High performance packet data path in the OS kernel

XDP (eXpress Data Path) is an eBPF-based high-performance network data path used to send and receive network packets at high rates by bypassing most of the operating system networking stack. It is merged in the Linux kernel since version 4.8. This implementation is licensed under GPL. Large technology firms including Amazon, Google and Intel support its development. Microsoft released their free and open source implementation XDP for Windows in May 2022. It is licensed under MIT License.

==Data path==

Packet flow paths in the Linux kernel. XDP bypasses the networking stack and memory allocation for packet metadata.

The idea behind XDP is to add an early hook in the RX path of the kernel, and let a user supplied eBPF program decide the fate of the packet. The hook is placed in the network interface controller (NIC) driver just after the interrupt processing, and before any memory allocation needed by the network stack itself, because memory allocation can be an expensive operation. Due to this design, XDP can drop 26 million packets per second per core with commodity hardware.

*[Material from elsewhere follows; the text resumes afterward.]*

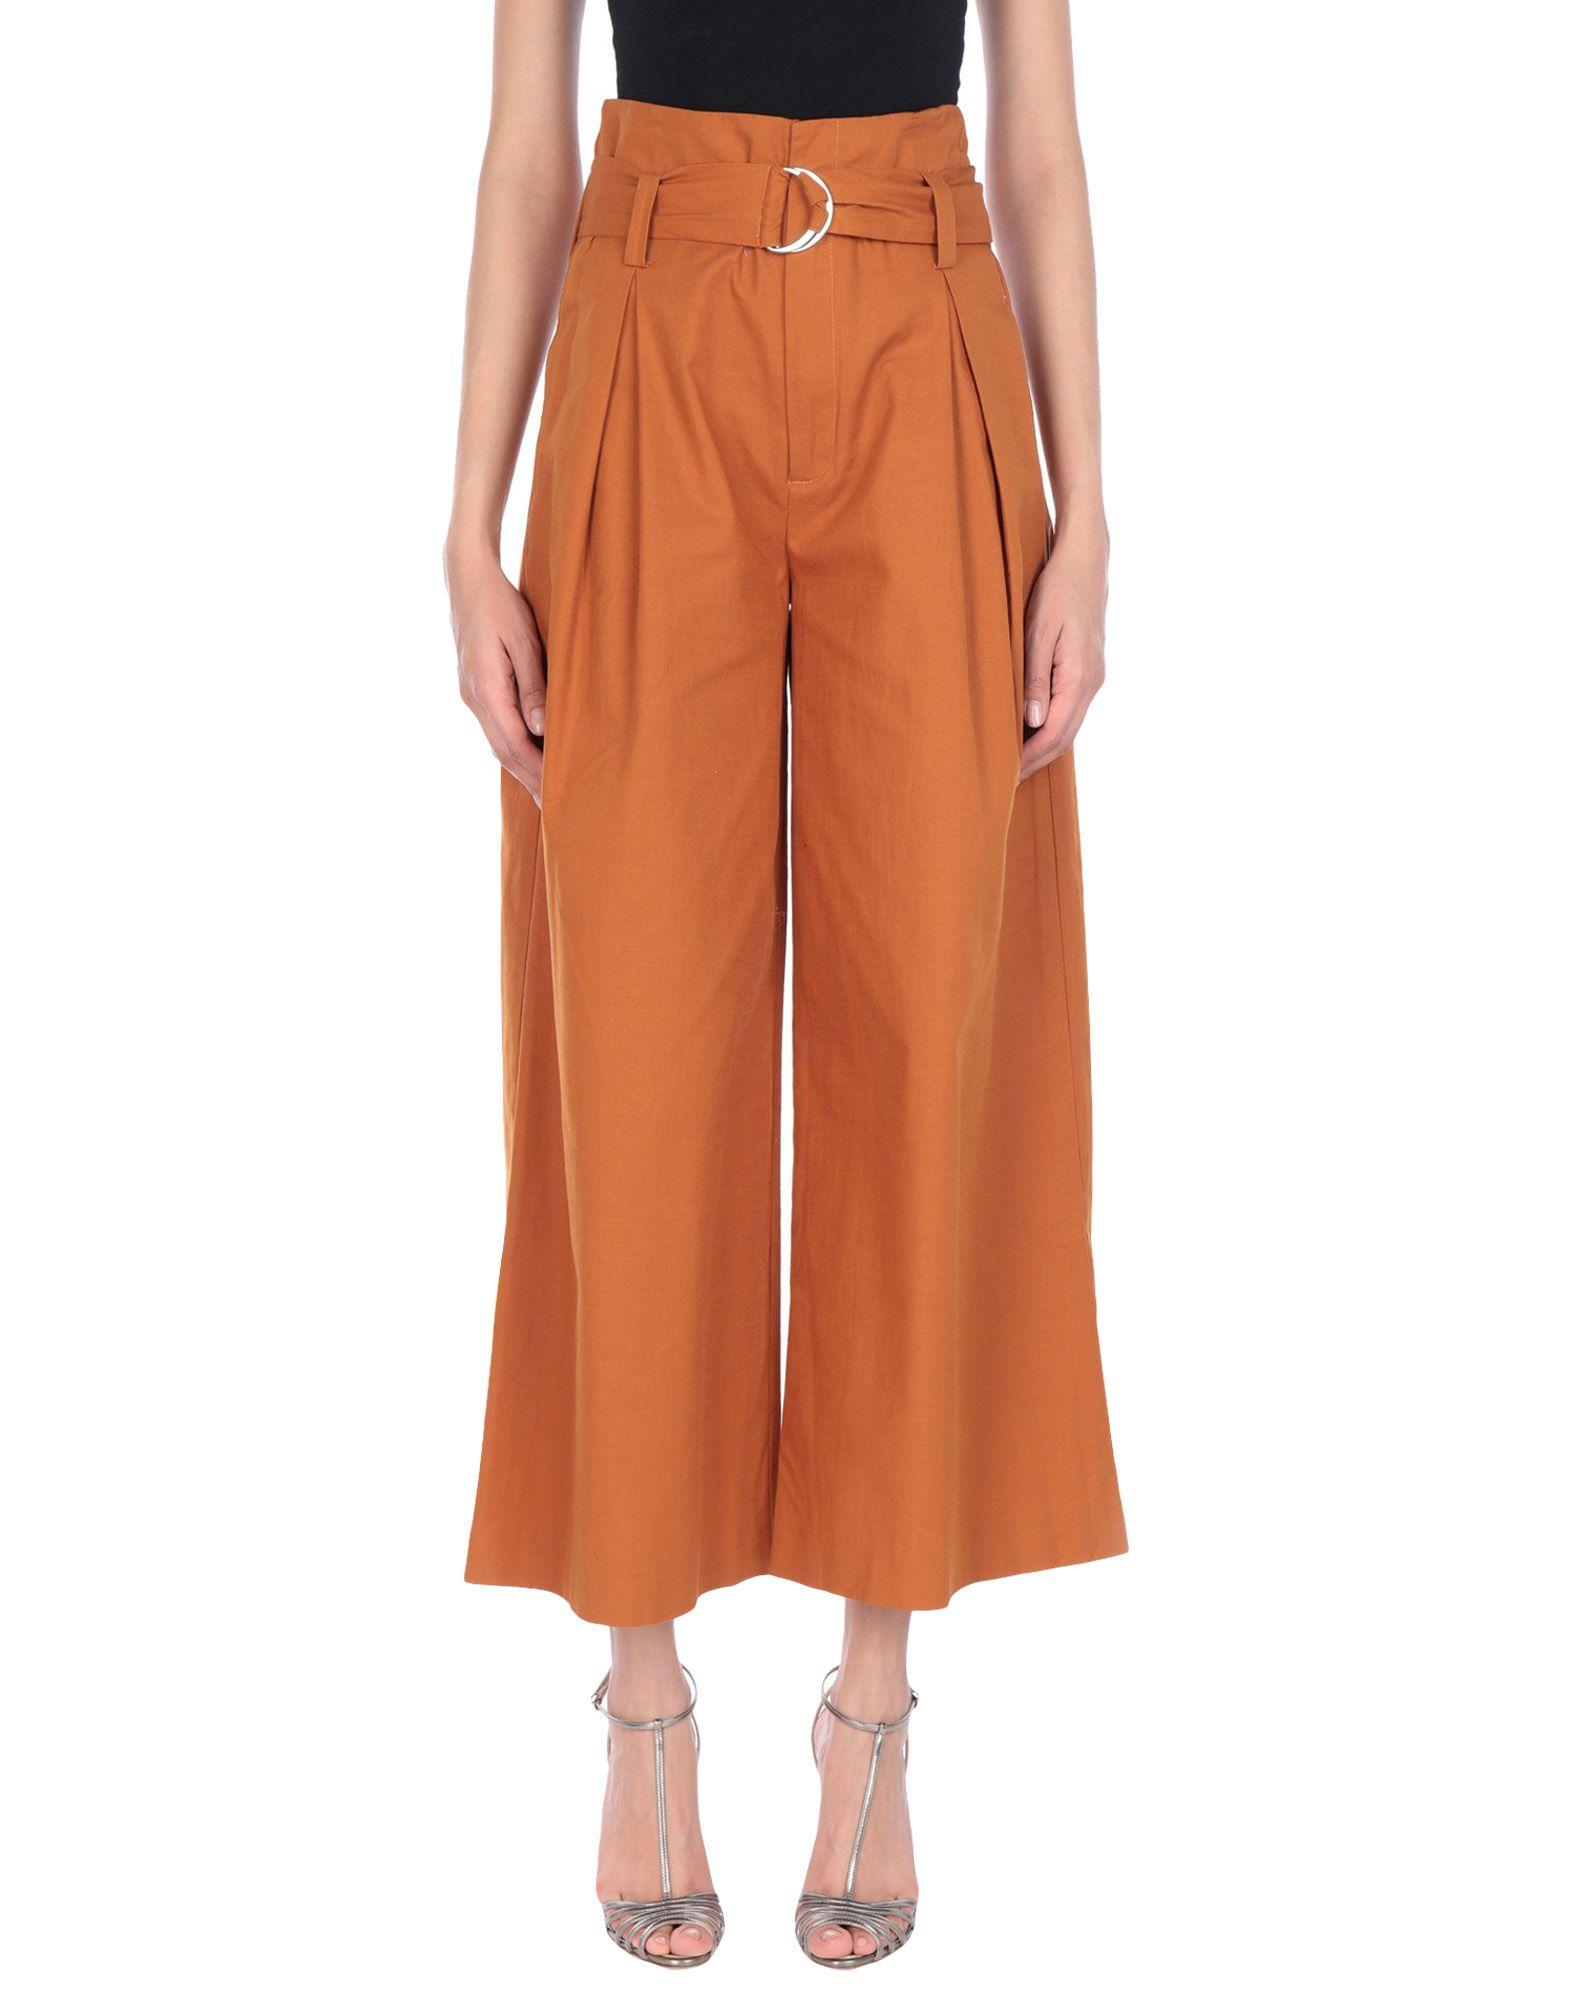 5PREVIEW Повседневные брюки original new arrival 2017 puma evostripe ultimate fz hoody men s jacket hooded sportswear

The eBPF program must pass a preverifier test before being loaded, to avoid executing malicious code in kernel space. The preverifier checks that the program contains no out-of-bounds accesses, loops or global variables.

The program is allowed to edit the packet data and, after the eBPF program returns, an action code determines what to do with the packet:

- XDP_PASS: let the packet continue through the network stack
- XDP_DROP: silently drop the packet
- XDP_ABORTED: drop the packet with trace point exception
- XDP_TX: bounce the packet back to the same NIC it arrived on
- XDP_REDIRECT: redirect the packet to another NIC or user space socket via the AF_XDP address family

XDP requires support in the NIC driver but, as not all drivers support it, it can fallback to a generic implementation, which performs the eBPF processing in the network stack, though with slower performance.

XDP has infrastructure to offload the eBPF program to a network interface controller which supports it, reducing the CPU load. In 2023, only Netronome cards support it.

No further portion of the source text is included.